Thank you Jason,  Not sure how I missed that step.


On 2018-07-06 08:34 AM, Jason Dillaman wrote:
> There have been several similar reports on the mailing list about this 
> [1][2][3][4] that are always a result of skipping step 6 from the 
> Luminous upgrade guide [5]. The new (starting Luminous) 'profile 
> rbd'-style caps are designed to try to simplify caps going forward [6].
>
> TL;DR: your Openstack CephX users need to have permission to blacklist 
> dead clients that failed to properly release the exclusive lock.
>
> [1] 
> http://lists.ceph.com/pipermail/ceph-users-ceph.com/2017-November/022278.html
> [2] 
> http://lists.ceph.com/pipermail/ceph-users-ceph.com/2017-November/022694.html
> [3] 
> http://lists.ceph.com/pipermail/ceph-users-ceph.com/2018-May/026496.html
> [4] https://www.spinics.net/lists/ceph-users/msg45665.html
> [5] 
> http://docs.ceph.com/docs/master/releases/luminous/#upgrade-from-jewel-or-kraken
> [6] 
> http://docs.ceph.com/docs/luminous/rbd/rbd-openstack/#setup-ceph-client-authentication
>
>
> On Fri, Jul 6, 2018 at 7:55 AM Gary Molenkamp <molenkam at uwo.ca 
> <mailto:molenkam at uwo.ca>> wrote:
>
>     Good morning all,
>
>     After losing all power to our DC last night due to a storm, nearly
>     all
>     of the volumes in our Pike cluster are unmountable.  Of the 30 VMs in
>     use at the time, only one has been able to successfully mount and
>     boot
>     from its rootfs.   We are using Ceph as the backend storage to cinder
>     and glance.  Any help or pointers to bring this back online would be
>     appreciated.
>
>       What most of the volumes are seeing is
>
>     [    2.622252] SGI XFS with ACLs, security attributes, no debug
>     enabled
>     [    2.629285] XFS (sda1): Mounting V5 Filesystem
>     [    2.832223] sd 2:0:0:0: [sda] FAILED Result: hostbyte=DID_OK
>     driverbyte=DRIVER_SENSE
>     [    2.838412] sd 2:0:0:0: [sda] Sense Key : Aborted Command [current]

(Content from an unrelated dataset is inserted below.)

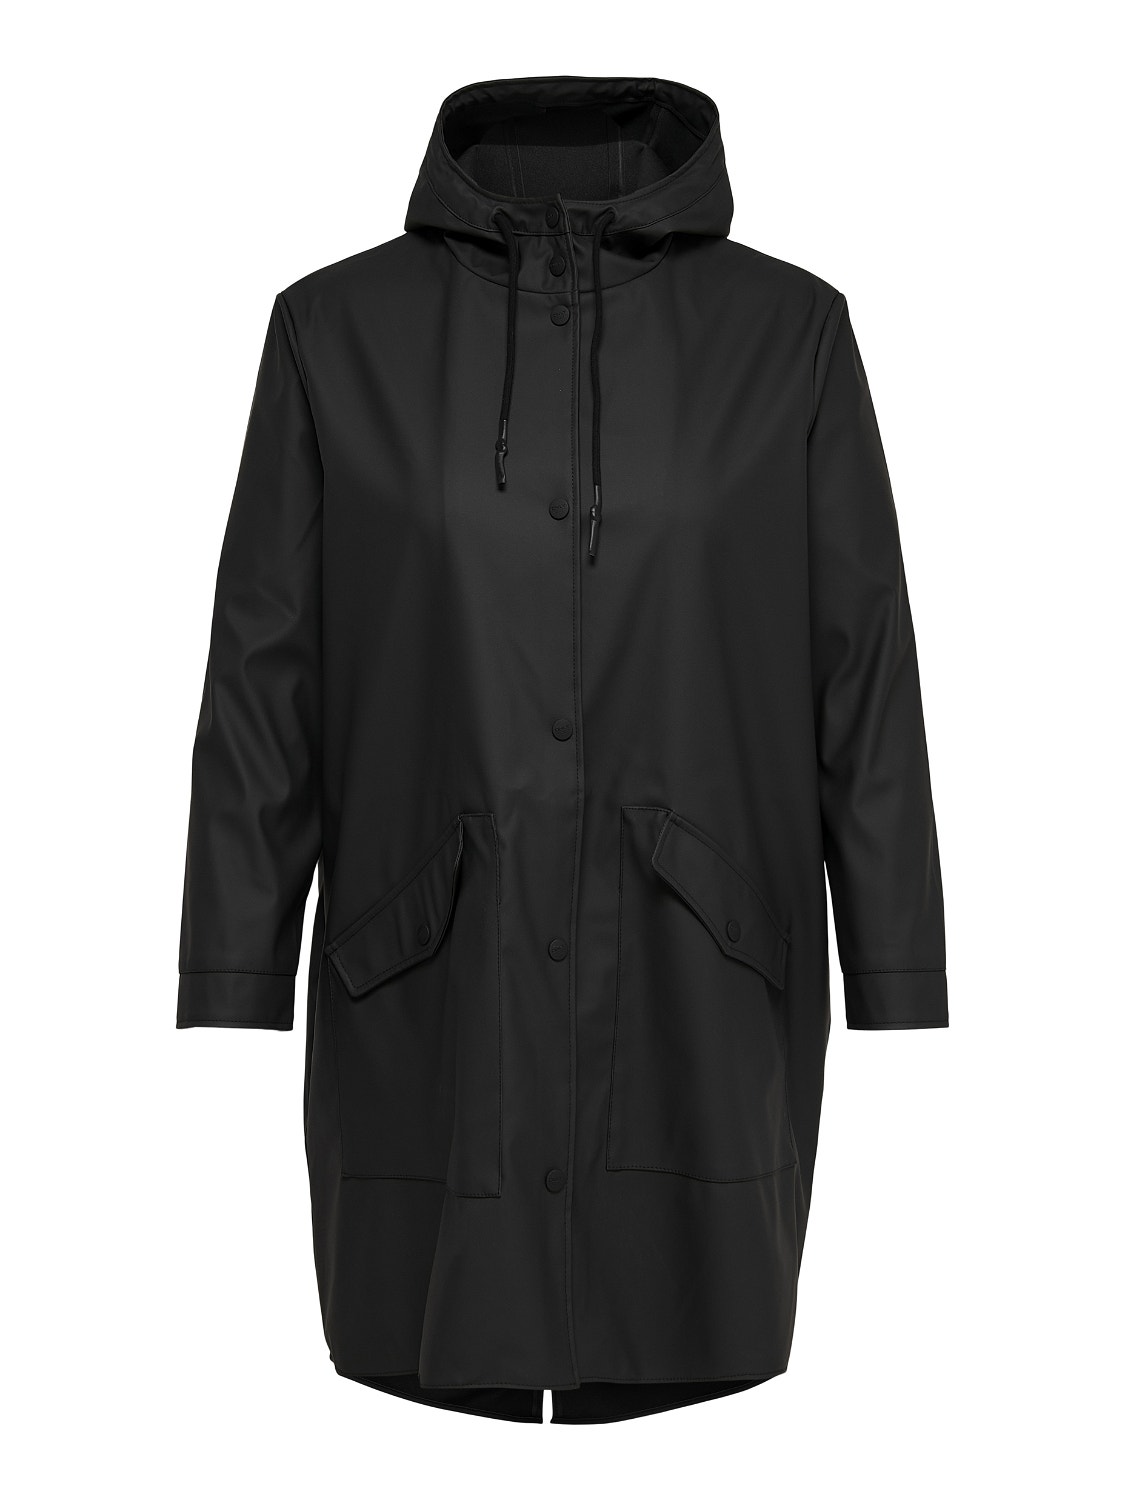 ONLY Curvy Rain jacket -Black - 15217091

>     [    2.842383] sd 2:0:0:0: [sda] Add. Sense: I/O process terminated
>     [    2.846152] sd 2:0:0:0: [sda] CDB: Write(10) 2a 00 00 80 2c 19
>     00 04
>     00 00
>     [    2.850146] blk_update_request: I/O error, dev sda, sector 8399897
>
>     or
>
>     [    2.590178] EXT4-fs (vda1): INFO: recovery required on readonly
>     filesystem
>     [    2.594319] EXT4-fs (vda1): write access will be enabled during
>     recovery
>     [    2.957742] print_req_error: I/O error, dev vda, sector 227328
>     [    2.962468] Buffer I/O error on dev vda1, logical block 0, lost
>     async
>     page write
>     [    2.967933] Buffer I/O error on dev vda1, logical block 1, lost
>     async
>     page write
>     [    2.973076] print_req_error: I/O error, dev vda, sector 229384
>
>     As a test for one of the less critical vms, I deleted the vm and
>     mounted
>     the volume on the one VM I managed to start.  The results were not
>     promising:
>
>
>     # dmesg |tail
>     [    5.136862] type=1305 audit(1530847244.811:4): audit_pid=496 old=0
>     auid=4294967295 ses=4294967295 subj=system_u:system_r:auditd_t:s0
>     res=1
>     [    7.726331] nf_conntrack version 0.5.0 (65536 buckets, 262144 max)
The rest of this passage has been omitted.